Like cheap rubber for rubber boots and raincoats,
coffee, chocolate, citrus fruit, many spices, actual tea (rather than the herbal shit), tobacco. Transport is cheap because of high tech solutions. Never mind agriculture.
Oh, also, no agriculture? Ever wondered what got the neolithic revolution started in the first place? The desire to settle down to make...beer. Yep, no beer. Also, distilling or winemaking will be out. If you hole up for the winter, you might be able to make some form of fruit schnapps with ice-distillation.
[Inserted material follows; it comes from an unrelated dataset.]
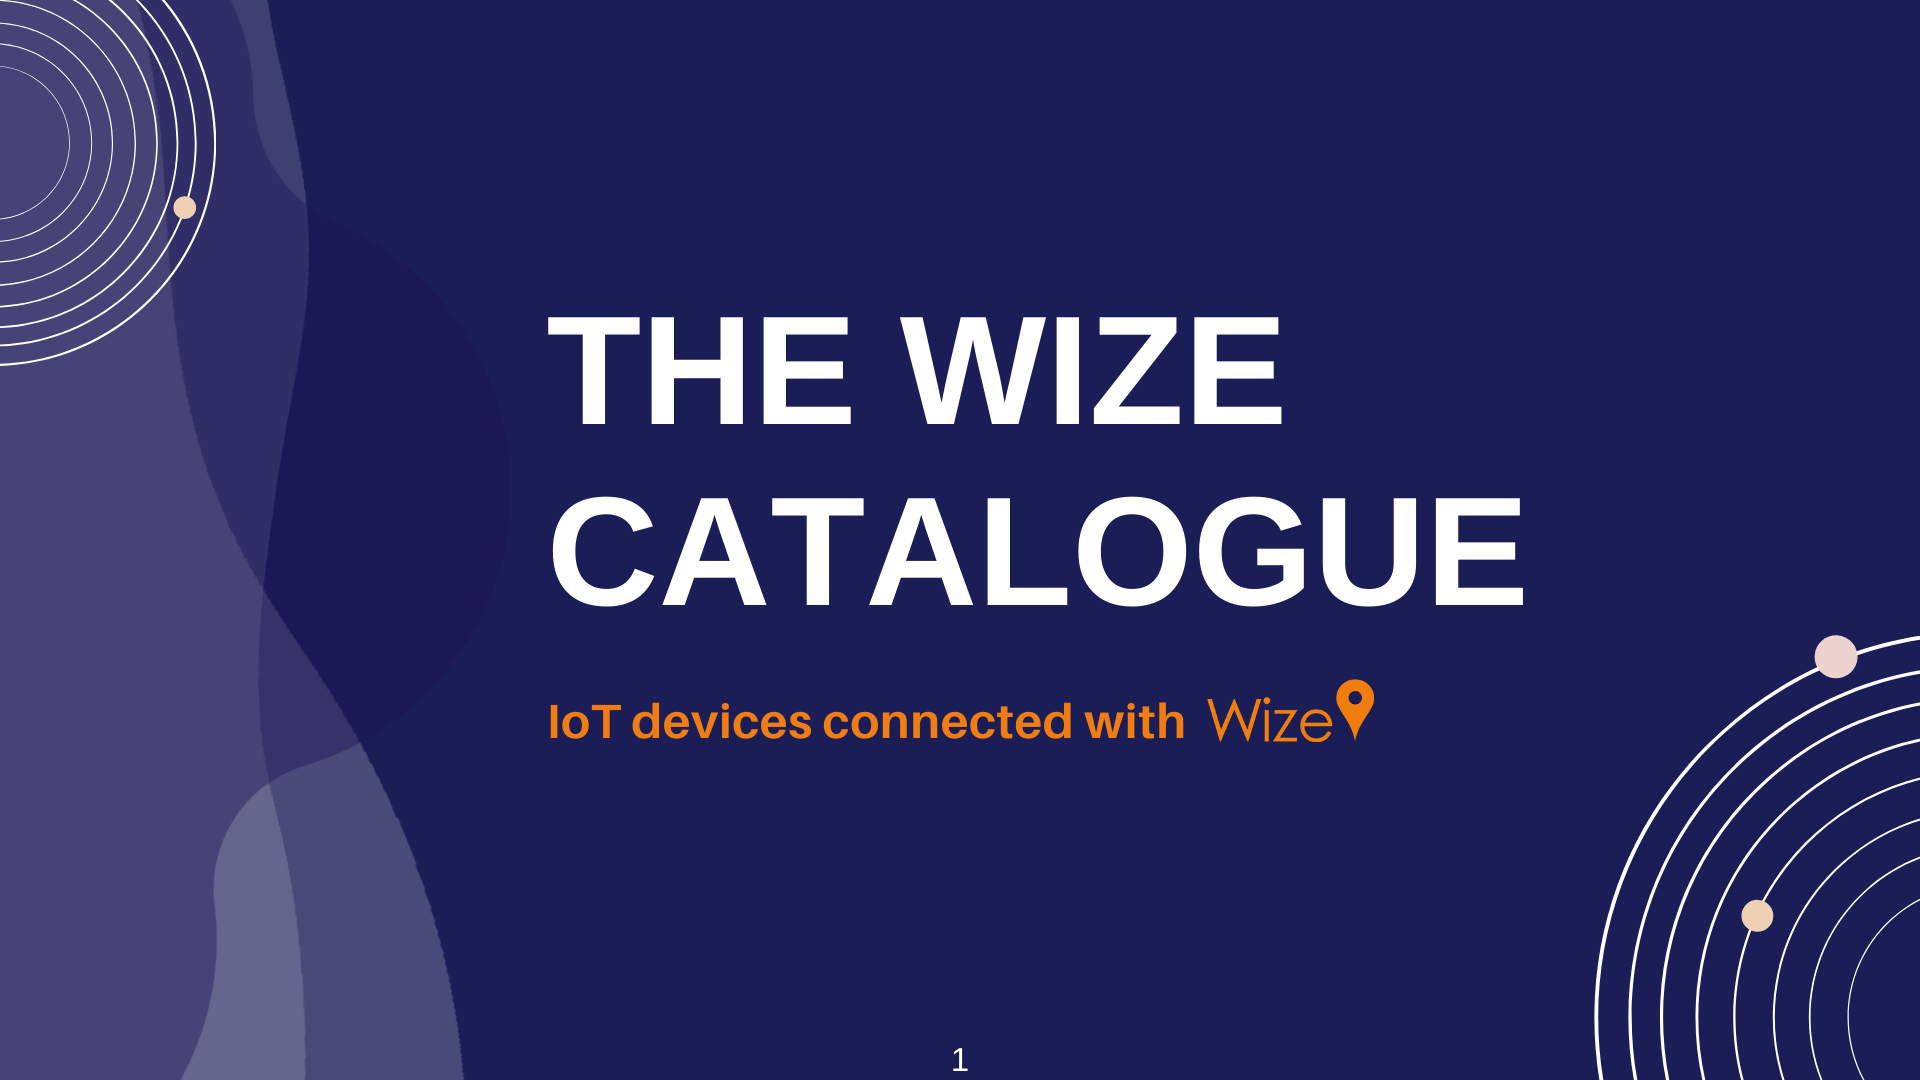 The Wize Catalogue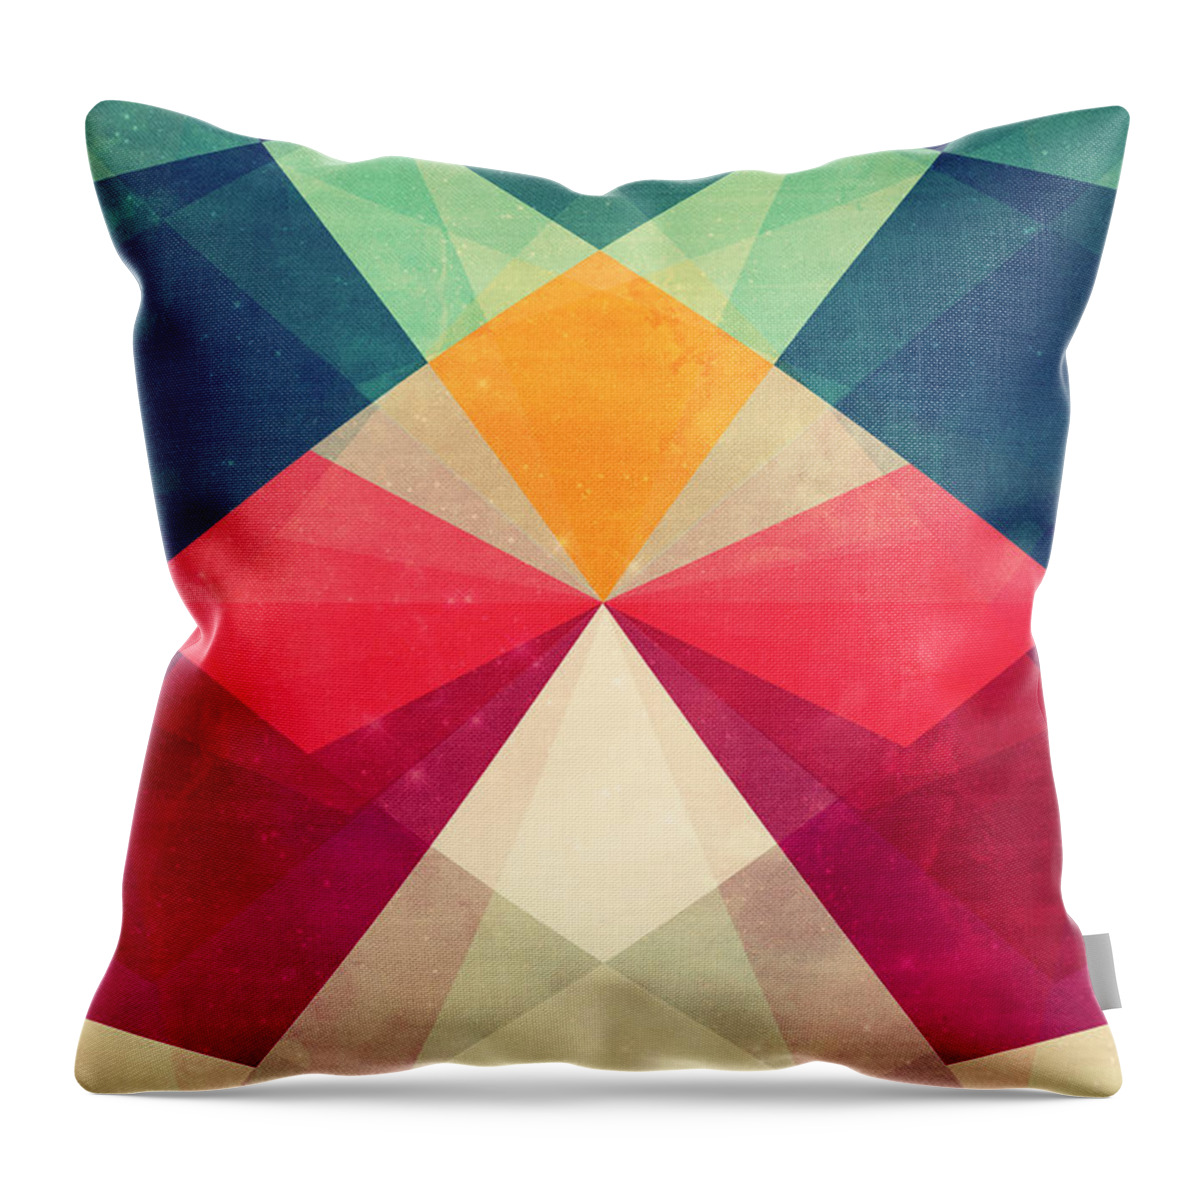 Abstract Throw Pillow featuring the digital art Meet me halfway by Vess DSign

And if you live far from the sea, enjoy your iodine deficiency (even when you can get iodine infused foodstuffs of all sorts, not to mention supplements, many people in the industrialized world today don't get enough iodine).
Now, don't get me wrong. You can do a lot of amazing stuff with fairly simple aplications of technology.
But as romantic as the idea of living like they did a thousand years ago, I personally wouldn't like a 30 year life expectancy and pre-historic infant mortality rate.
Life was brutal, short and painful. It's easy to fantasize about it from the comfort of a centrally heated, electrically lit, fairly fire-proof and most of all, above ground and dry abode.
Technology makes our lives better. We, as a species, just have lost the plot along the way and don't generally use it wisely or just stop to think "do I need it? do I even want it?", never minding preferring durable goods to disposable crap. Modern technology can make many of the simpler things basically indestructable. But does anyone care? No, because we want this years style. I blame
Edward Bernays.
If there were absolutely anything to be afraid of, don't you think I would have worn pants?
I said I have a big stick.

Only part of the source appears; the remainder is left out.